The client renders these events in real time. The user sees the agent thinking, calling tools, and composing its answer — not a loading spinner followed by a wall of text.

Deployment

Local Development

amodal dev    # starts runtime reading from local git repo
amodal chat   # connects to local runtime

The runtime reads your config directory directly from the filesystem. Changes to files are hot-reloaded — edit a skill, and the next message uses the updated version. This is the fastest feedback loop for development.

Production

For production, run the runtime as a standalone server or in a Docker container:

amodal deploy serve          # run from local config
amodal ops docker build      # build a Docker image

The git repo is the source of truth. Everything about your agent — connections, skills, knowledge, automations, and config — lives in version-controlled files.

Embedded (ISV)

For ISVs embedding Amodal in their own SaaS product, createAgent() gives you the engine as a library:

import { createAgent } from '@amodalai/runtime'
 
const agent = await createAgent({
  repoPath: './my-agent',
  provider: 'anthropic',
  apiKey: process.env.ANTHROPIC_API_KEY,
  storeBackend: myPostgresPool,    // bring your own
})

See the SDK overview for the embedded pattern.

Security Boundaries

What Runs Where, What Has Access to What

The runtime process holds the resolved config (including decrypted secrets in memory), the LLM provider API clients, and the connected system API clients. Secrets are resolved from environment variables at startup and held only in memory — they are never written to disk, logged, or included in LLM prompts.

How Secrets Flow

Secrets never appear in deployment snapshots, API responses, LLM prompts, or logs.

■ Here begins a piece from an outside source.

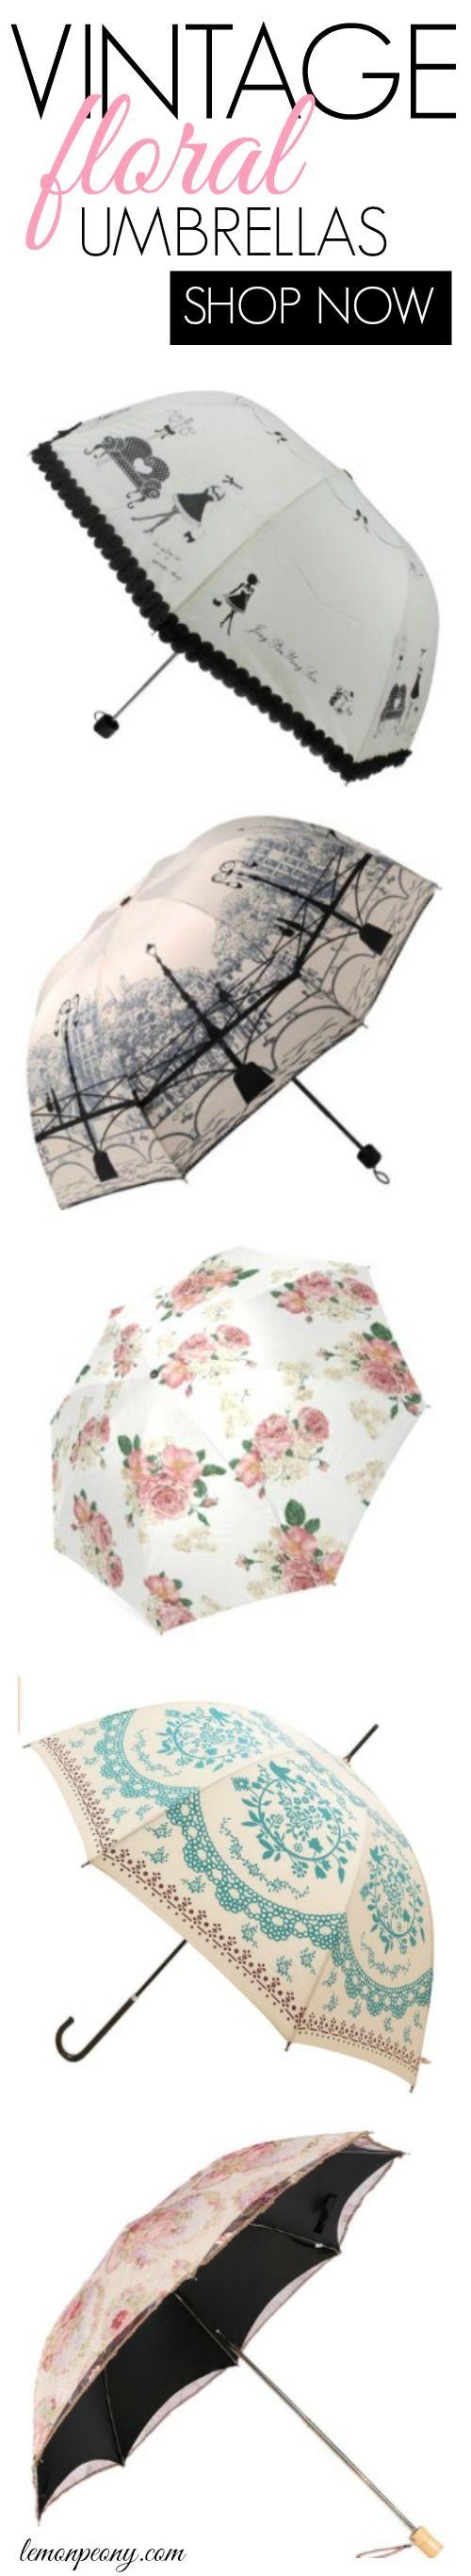 Vintage Floral Umbrellas! Cute and fun umbrellas for rainy days!

  1. You set secrets as environment variables in your hosting environment (Kubernetes secrets, Fly.io secrets, etc.)
  2. amodal.json references them with env:VARIABLE_NAME
  3. The runtime resolves env: references at startup, holding the values in memory
  4. The connection tool uses them for API authentication — injecting headers, signing requests — but never includes them in the context sent to the LLM
  5. The field scrubber scans all tool outputs against the connection's access.json hidden-field rules and strips them before the result reaches the model

Role-Based Tool Filtering

Not every caller should see every tool. The runtime filters the tool list based on the caller's role before the LLM sees it:

  • User role: Sees all non-admin tools.
  • Admin role: Sees everything including file tools, connection configuration, and automation control.
  • Automation role: Sees read-only tools by default. Write tools are only available if writeEnabled is true for the specific automation.

This filtering happens at the session layer, before the prompt is compiled. The LLM never knows about tools it cannot use — they are simply absent from its tool list.

Key Protocols

ProtocolWherePurpose
SSE (Server-Sent Events)Runtime to ClientStreaming chat responses, tool calls, widget events
RESTRuntime APISession management, automation control, store/file endpoints
MCP (Model Context Protocol)Runtime to MCP serversTool discovery and execution over stdio or SSE transport

SSE was chosen over WebSockets for client streaming because it is simpler (unidirectional), works through more proxies and CDNs, and automatically reconnects on connection drops.